隨著韁繩一收,馬車停住,腳踏很快圍了過來,沈南寶蹬上去,長條的身子蝴蝶似的翩然落地。

地才剛掃除過,沾著水跟塗了一層油似的,沈南寶腳踩上去狠狠一蹉,差點蹎躓。

好在綠葵手伸得及時,穩穩當當地托住了她,“姐兒,當心。”

聲音是遭歲月洗禮後的況味,少了小娘子的清麗婉約,多了點滄桑,但不難聽出年輕時是個嬌俏鮮煥的主兒。

沈南寶回過頭,天光從那片交錯的樹葉裡落下來分散在綠葵的臉上,照出柔和溫情的味道。

沈南寶不由想,大抵母親也是這樣的罷。

有這麼一雙軟到極致的手,春風化雨般的撫過她額頭,然後用這樣眼溫存著她,親暱地喚著她,就像趙老太太一般,寶兒寶兒的喚,寶不是尋常的寶,是視若珍寶的寶。

真真是奇怪。

明明都是從未見過的人。

對待爹爹,對待綠葵,沈南寶能生出截然不同的心態,一個能冷得徹骨,一個卻是單單這麼一眼,就大淚傾下。

她陡然這麼一下,嚇慘了蕭逸宸,闊步上前,還沒問話,人就抽抽搭搭地道:“葵姑姑安好,這經年過得可還算是好?對不住得很,相邀了那麼多次,直到這回才見你。”

綠葵秀眉一捺,按住那點疑惑,只管衝她藹藹地笑,“該是小的來見姐兒的,怎麼能叫姐兒來找小的。”

說著,抽回了手,週週正正地一禮拜,“小的綠葵給姐兒問安了。”

沈南寶只管扶住她,因哭過,嗓音清冽而響脆,“你跟我不用拘這些禮,你曾經護著我母親,陪著我母親,合該我喚你一聲姑姑,給你跪拜才是!”

說起顧氏,綠葵總有無限感傷,齉著鼻道:“小的不敢擔姐兒這麼一稱呼,小的都沒做什麼,只是有幸照顧顧小娘一回兒,後來顧小娘過身,小的就這麼沒心肝兒的走了,叫姐兒擎小兒沒人照顧……”

“什麼沒照顧,祖父母將我照顧得很好。”

沈南寶打斷她,“何況那時候,姑姑是有苦衷的,祖父母都和我說了,伯伯生病,您母親又年事已高,需得人回去幫襯幫襯。”

末了還問一句,“姑姥姥還好?伯伯可還好?”

綠葵這次沒再執意稱呼,大嘆了一聲,“弟弟跑單幫時遭人劫擄,一徑扔進了河裡,連屍身都沒找到。母親……”

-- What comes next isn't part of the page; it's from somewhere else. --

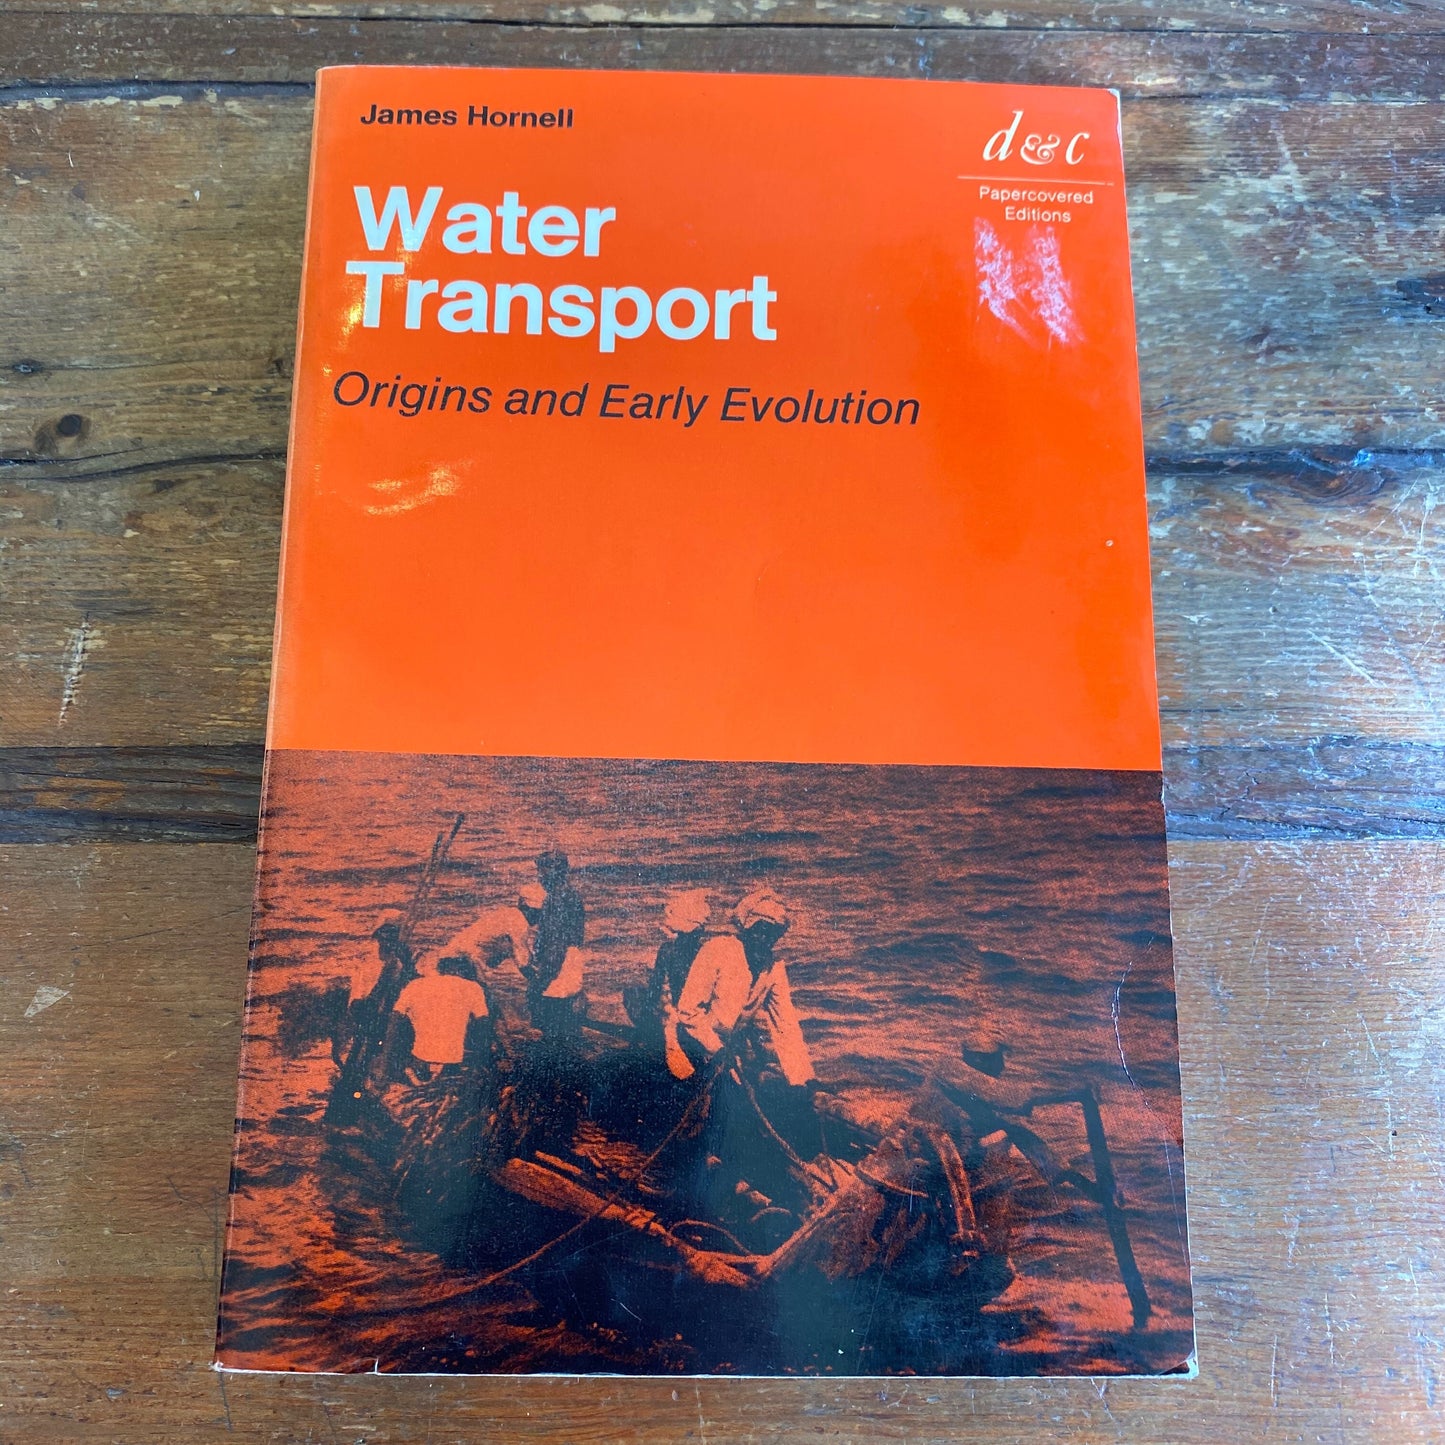 Book, "Water Transport Origins and Early Evolution"

說到這處,眼眶愈發的紅了,拿手掖了掖,沒掖得住,垂著頭低低吞聲飲泣,“母親聽聞這樣兒的噩耗,一時沒遭得住,兩腿一蹬亦跟著走了。”

一壁廂的蕭逸宸這時搶了白,“南北跑單幫的,的確易遭擄劫,不過我私下裡叫人去查了下,道光四年,走鹽的那道並沒遭什麼劫匪。”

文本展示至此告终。